Inoltre in questa pagina puoi trovare altre frasi di: Cicerone , Lucrezio, Seneca 2

Seneca ci accompagna per mano con i suoi consigli per fruire nel miglior modo possibile del dono della vita; le sue opere sono manuali da utilizzare in ogni occasione.

 

«Maximum vivendi impedimentum est exspectatio, quae pendet ex crastino, perdit hodiernum.»

Seneca, De brevitate vitae, IX

“Il più grande ostacolo del vivere è l’aspettativa, che dipende dal domani e manda in rovina l’oggi.”

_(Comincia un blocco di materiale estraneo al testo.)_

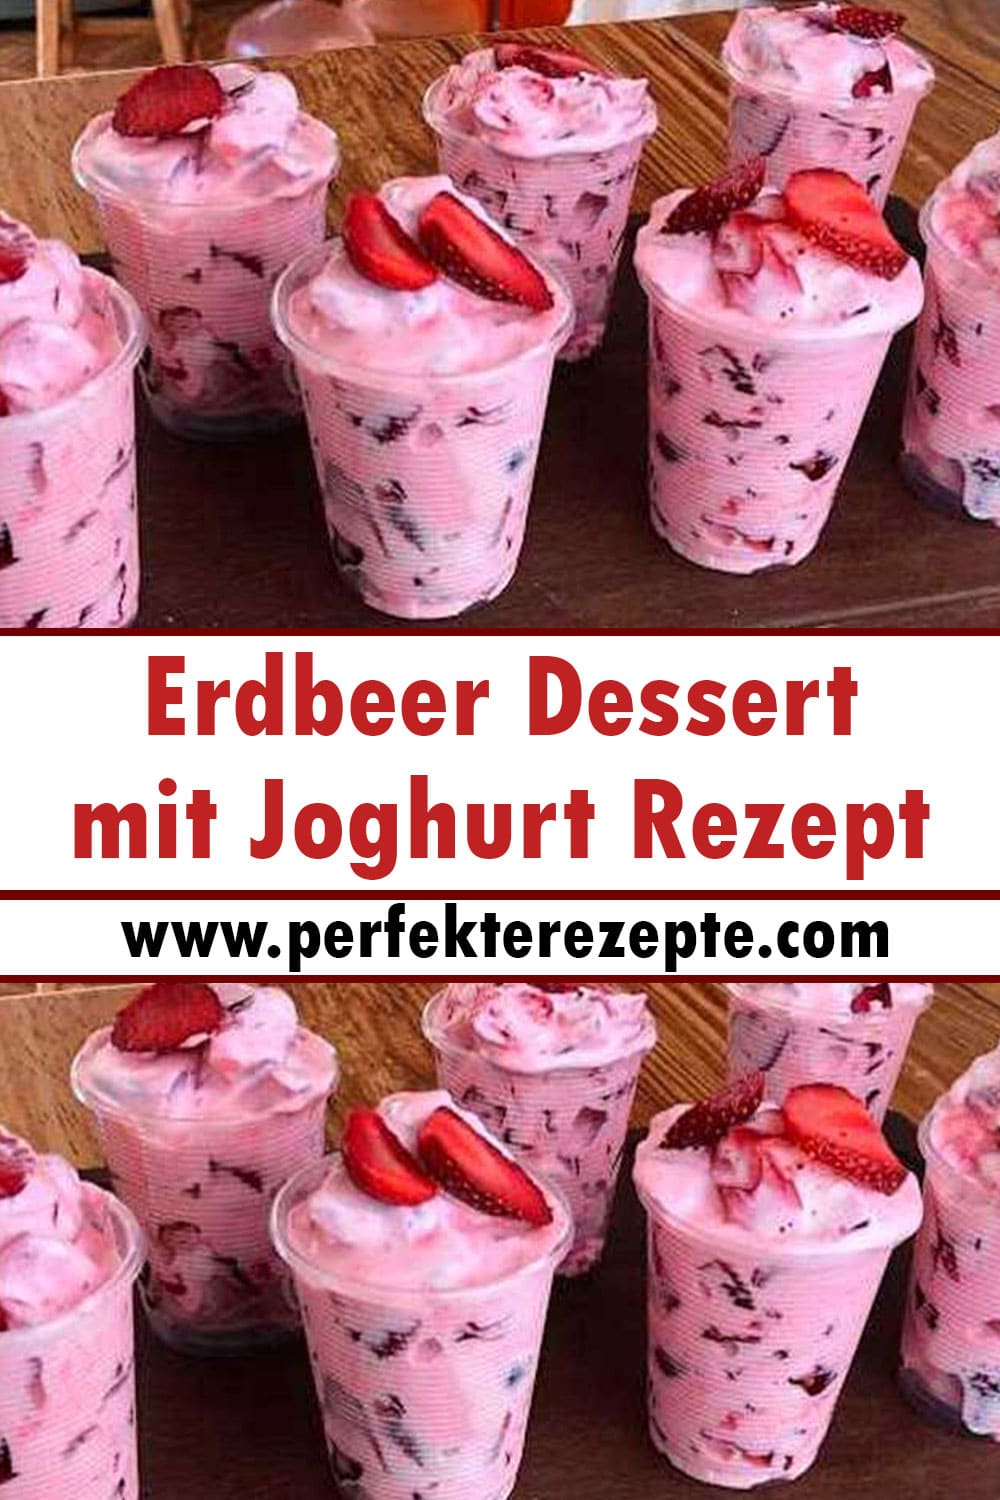 Erdbeer Dessert mit Joghurt Rezept in paar Minuten fertig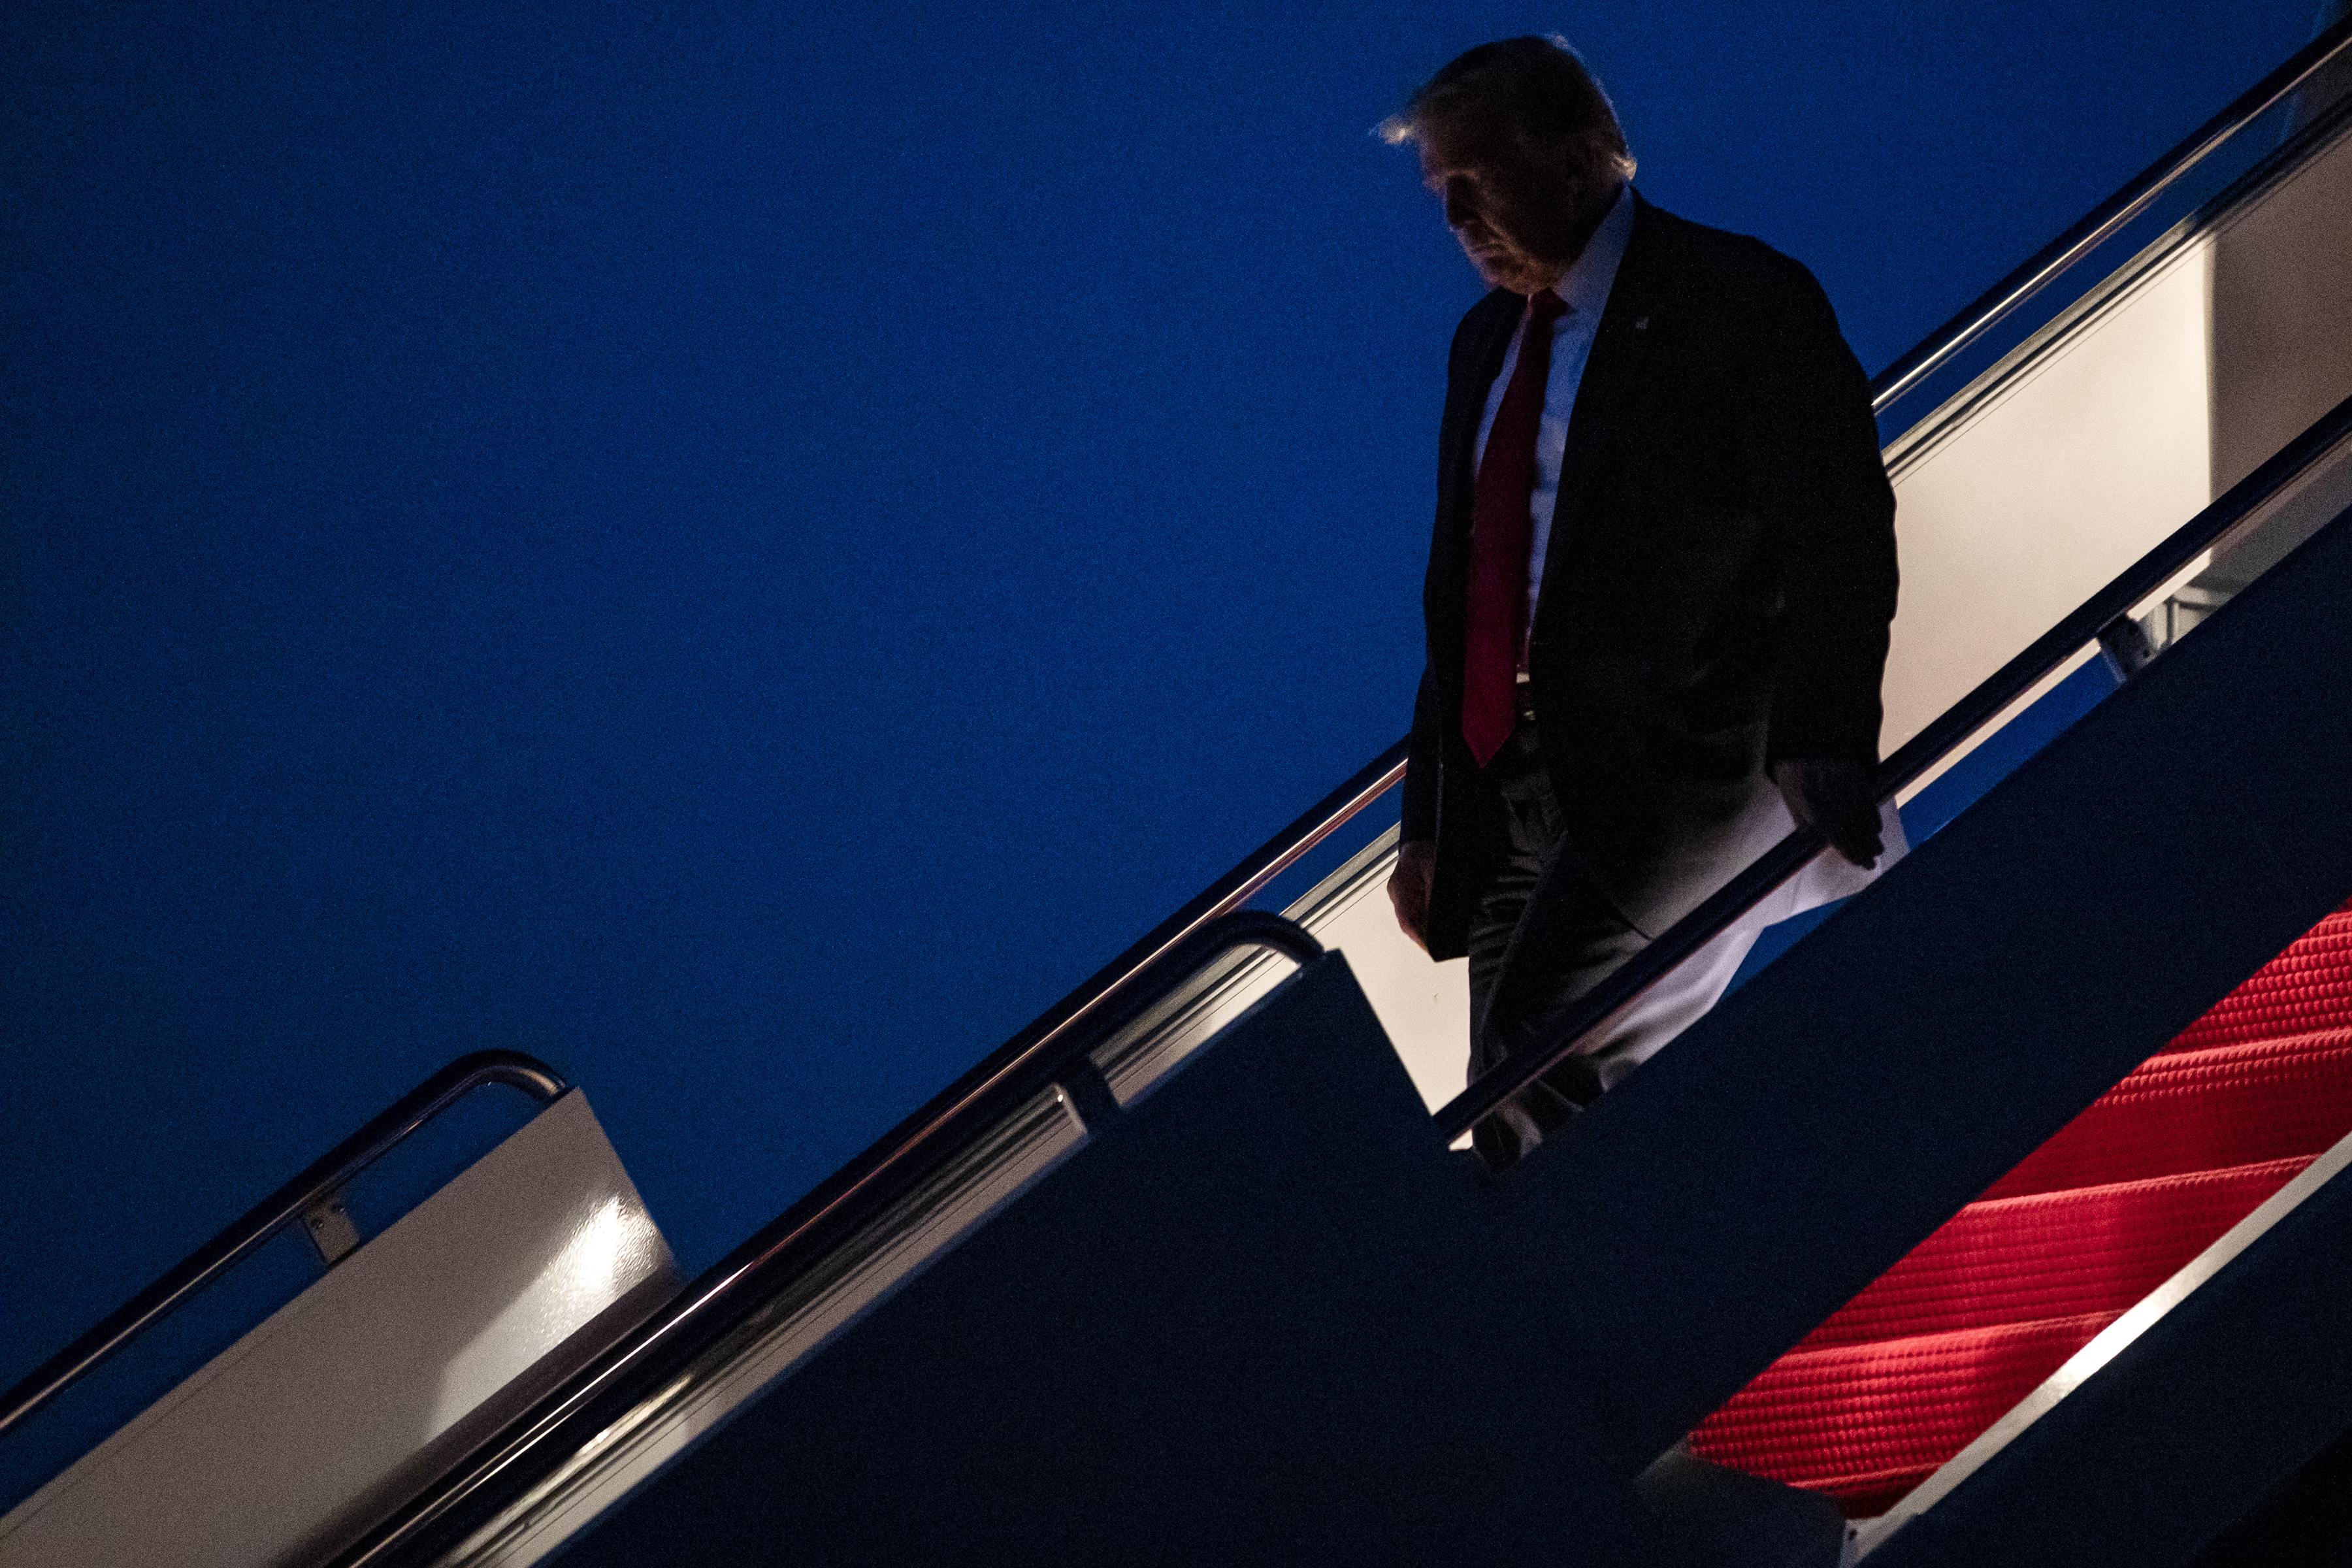 El presidente Donald Trump sale del avión presidencial Air Force One en la Base Conjunta Andrews en Maryland, el 10 de julio de 2020, después de un viaje a Florida. (Foto Prensa Libre: Samuel Corum/The New York Times)

Il mònito di Seneca qui si riferisce a due temi del De brevitate vitae, intrecciati e connessi tra di loro, quello della vita e del tempo. Il buon utilizzo del tempo è una regola necessaria per un’alta qualità della vita. Quindi, quando programmiamo il nostro futuro, l’aspettativa che ne deriva distrugge il momento presente, che, secondo Seneca, è il tempo del saggio. Il tempo e la vita acquistano il loro valore solo se rientriamo in noi stessi, con la meditazione e la ricerca di un tipo di esistenza coerente, che ci impegni nell’intimo e non nella superficie. Inoltre, si deve anche tener presente che il futuro della nostra vita è legato alla sorte, per cui non possiamo averne il controllo.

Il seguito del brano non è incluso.